Step iv-2, respectively aiming at each intermediate-level feature attribute, obtaining the correlation between each intermediate-level feature attribute and each primary-selected feature attribute based on each primary-selected feature attribute except the intermediate-level feature attribute in all the primary-selected feature attributes, and selecting the primary-selected feature attribute corresponding to the maximum correlation as the primary-selected feature attribute associated with the intermediate-level feature attribute; and then the initially selected feature attributes associated with the intermediate-level feature attributes are obtained, and then the step iv-3 is carried out.
Iv-3, respectively sorting the correlation between each middle-level characteristic attribute and the associated initially selected characteristic attribute from big to small, and selecting the front-level characteristic attribute
Updating each initially selected characteristic attribute related to each correlation into each intermediate characteristic attribute, and returning to the step iv-1; wherein B represents the number of the initial selection characteristic attributes before and during the operation of updating the initial selection characteristic attributes to the middle-level characteristic attributes in the step iv-3, B represents a preset proportion value smaller than 1,
indicating rounding up.
And iv-4, judging whether the quantity of the middle-level characteristic attributes is higher than the preset characteristic attribute quantity range, if so, entering the step iv-5, and otherwise, entering the step iv-6.

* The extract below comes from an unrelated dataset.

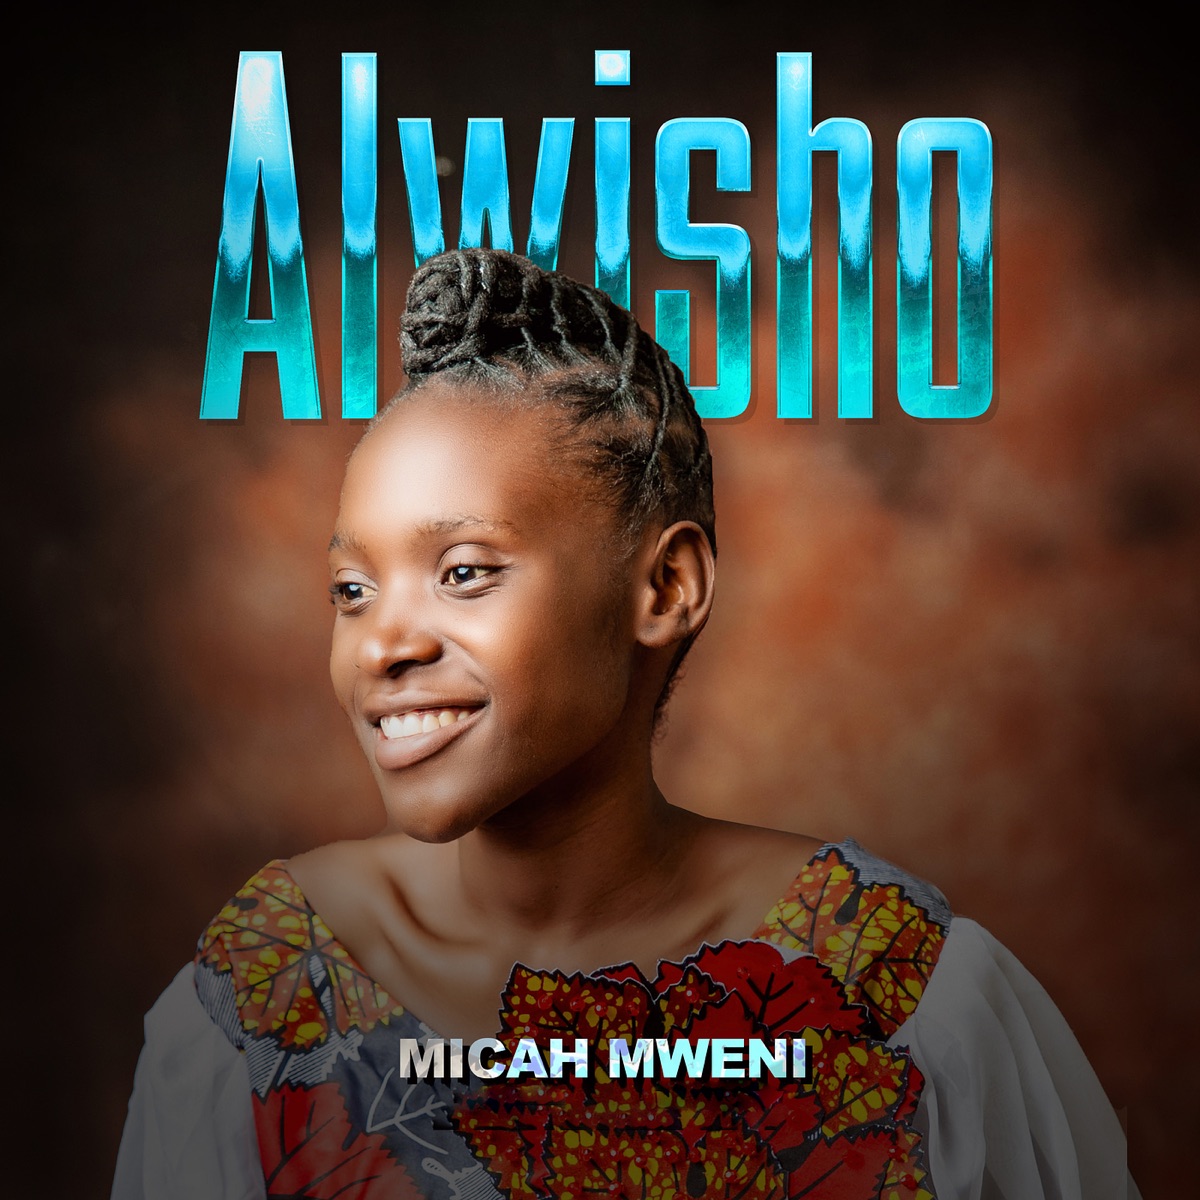 Micah Mweni

Step iv-5, obtaining the correlation between every two middle-level feature attributes, sorting the correlation from low to high, and selecting the correlation before
Each correlation is further deleted, each middle-level characteristic attribute related to each correlation is updated to each middle-level characteristic attribute, and the step iv-1 is returned; wherein C represents the number of combinations of every two middle-level feature attributes before the middle-level feature attribute deletion operation in the step iv-5, C represents a preset proportion value smaller than 1,
indicating rounding up.
And iv-6, updating each middle-level characteristic attribute to each target characteristic attribute, further obtaining the characteristic value of each sample network flow corresponding to each target characteristic attribute respectively, and then entering the step v.
In step iv, the feature attributes are derived and deleted for each intermediate-level feature attribute, and in practical applications, the derivation and deletion may be performed as follows.

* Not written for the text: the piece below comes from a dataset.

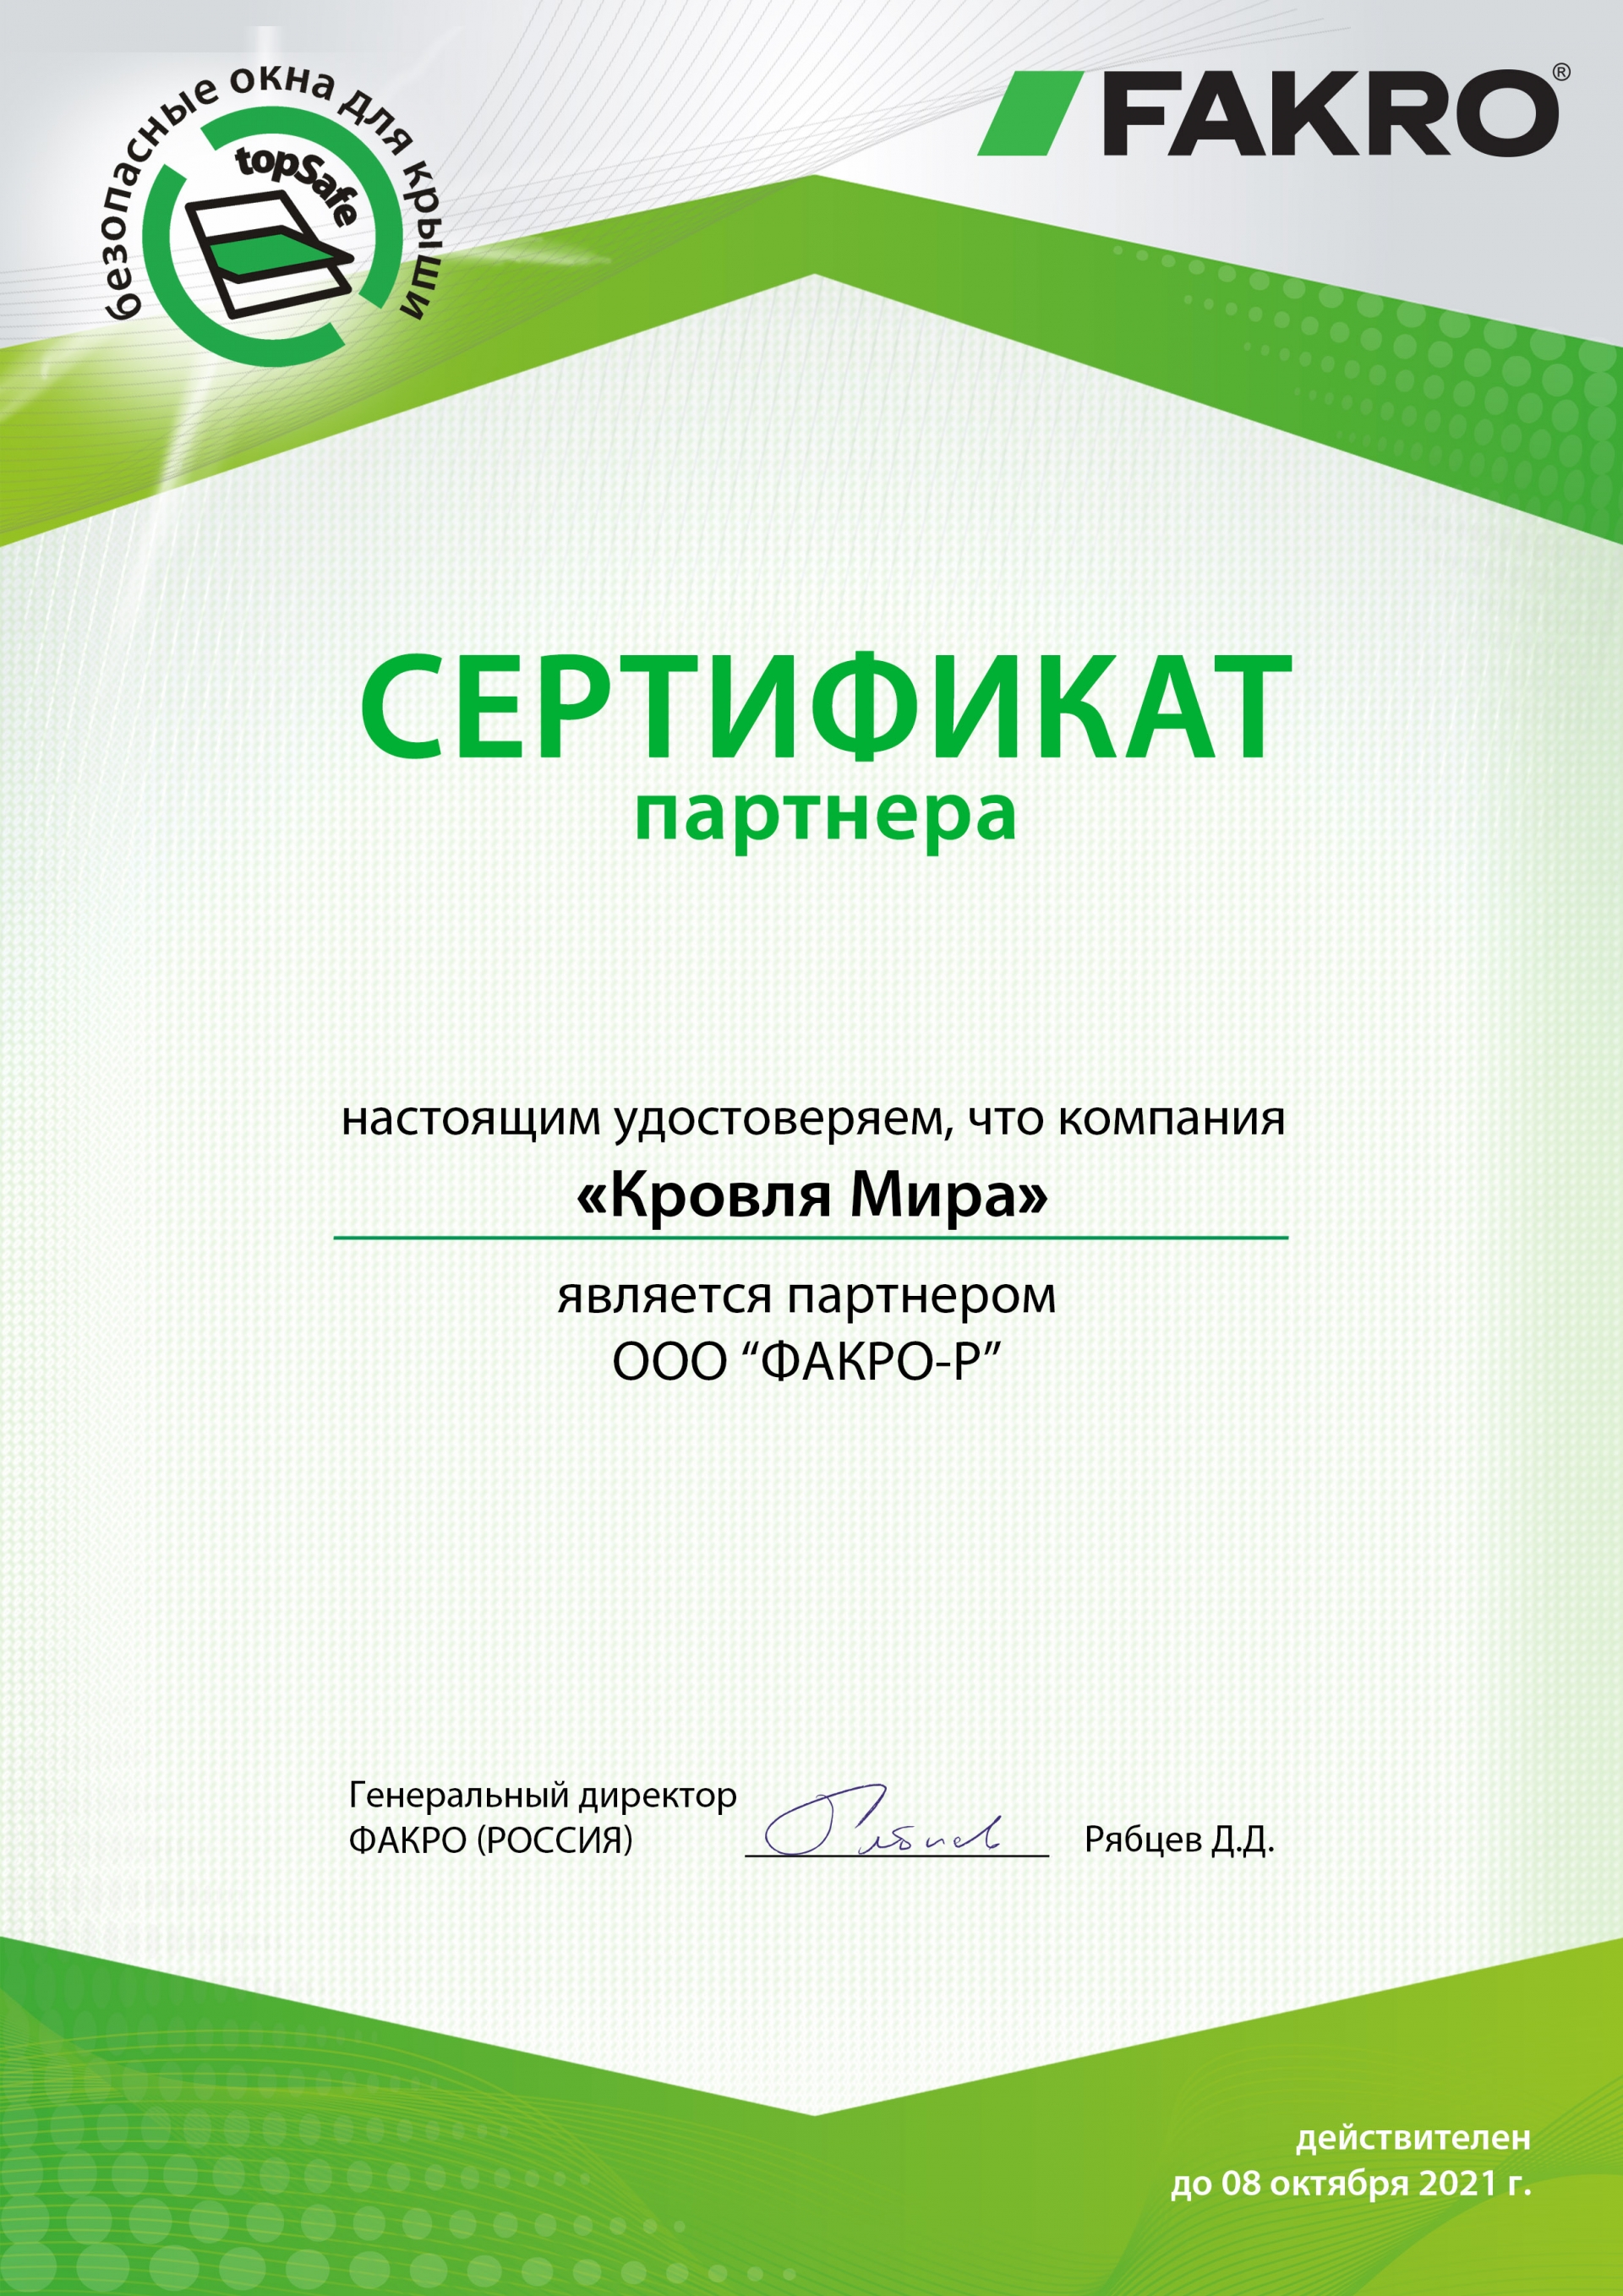 Сертификат официального партнера FAKRO, 2021 г.

Selecting characteristics: selecting features, calculating with Pearson correlation Coefficient, finding out features with high correlation, and using these features as in-mode features (X, Y stand for two variables)

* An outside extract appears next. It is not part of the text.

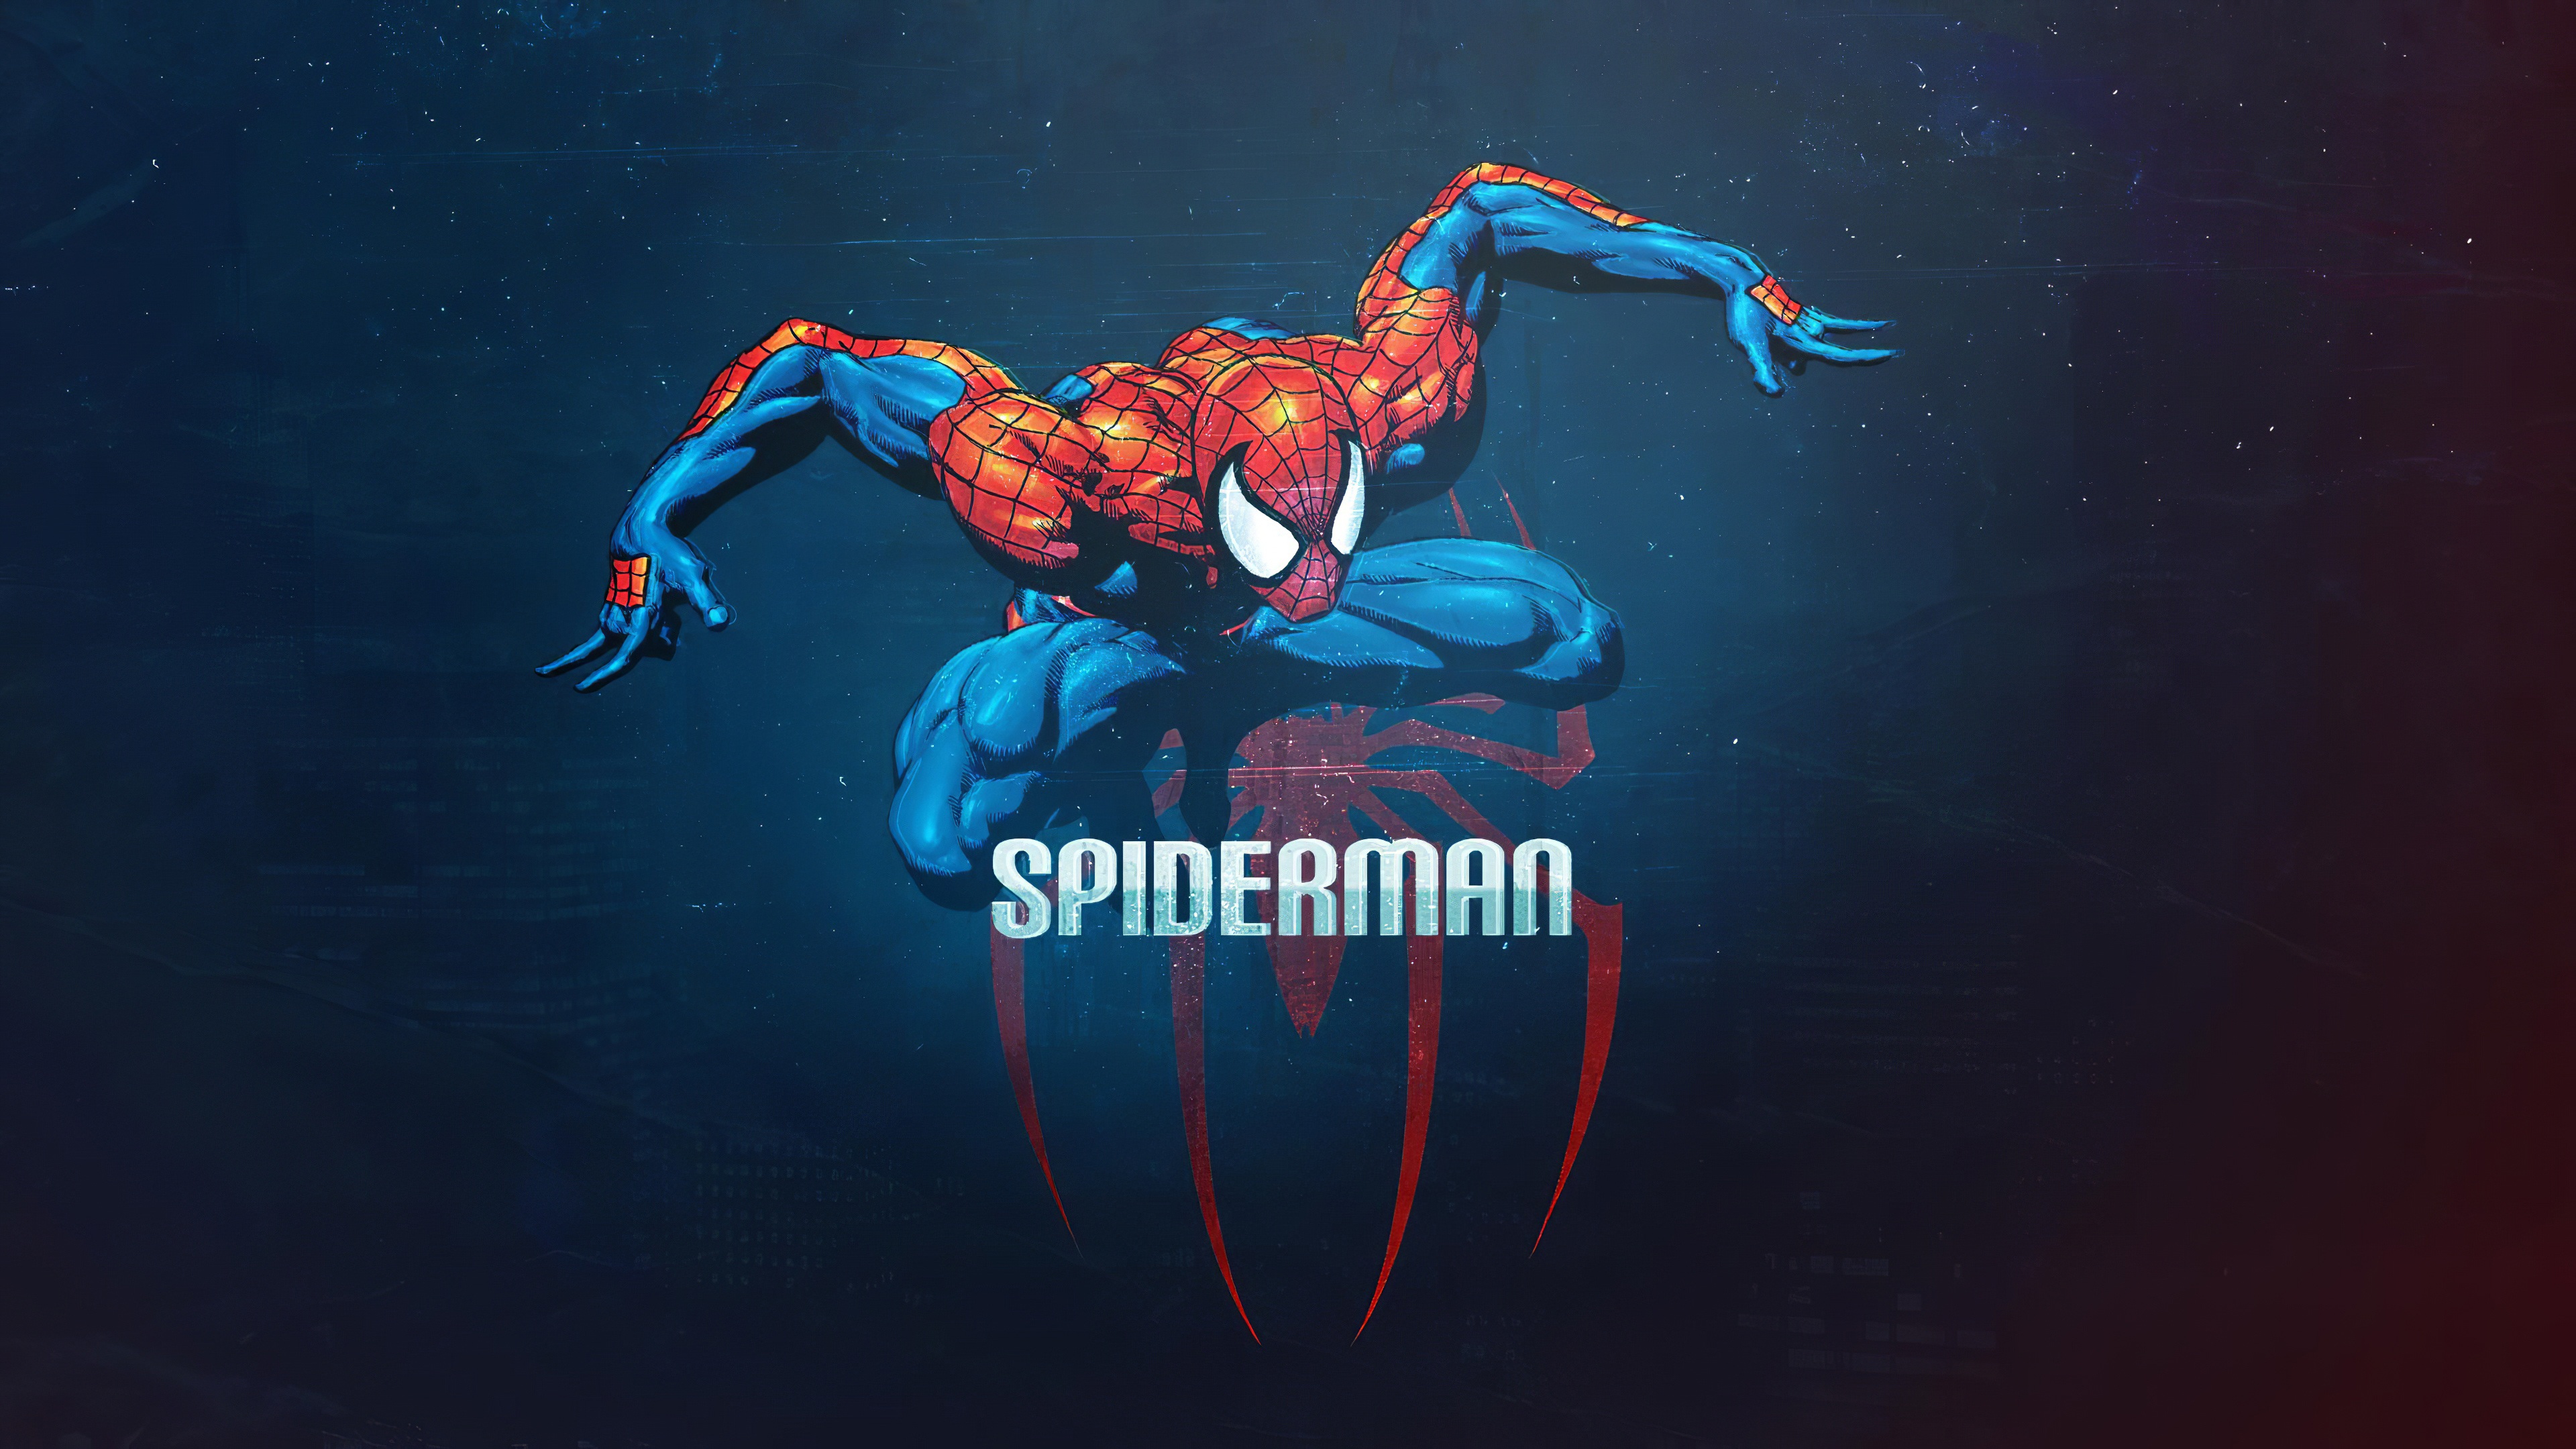 Người nhện: Nếu bạn là fan của siêu anh hùng Spiderman, chắc hẳn sẽ không thể bỏ qua những bức ảnh liên quan đến nhân vật này. Khám phá cuộc phiêu lưu đầy mãn nhãn và hấp dẫn của người nhện qua những bức ảnh độc đáo và sáng tạo.

Characteristic derivation: and the residual features after feature selection are less, so that some secondary features are derived based on the existing time and other features as primary features, and then feature selection and feature deletion are carried out until the proper features are subjected to mode entering training.
Characteristic deletion: (ii) feature deletion, judgment by Variance initialization Factor: (
Is a decision coefficient between the kth argument and the remaining arguments)
For example, the derived feature is introduced into a Variance initialization Factor to be judged, if 0< VIF <10, the data is normal data, and if VIF >10, the collinearity of the feature is severe, and the feature needs to be deleted.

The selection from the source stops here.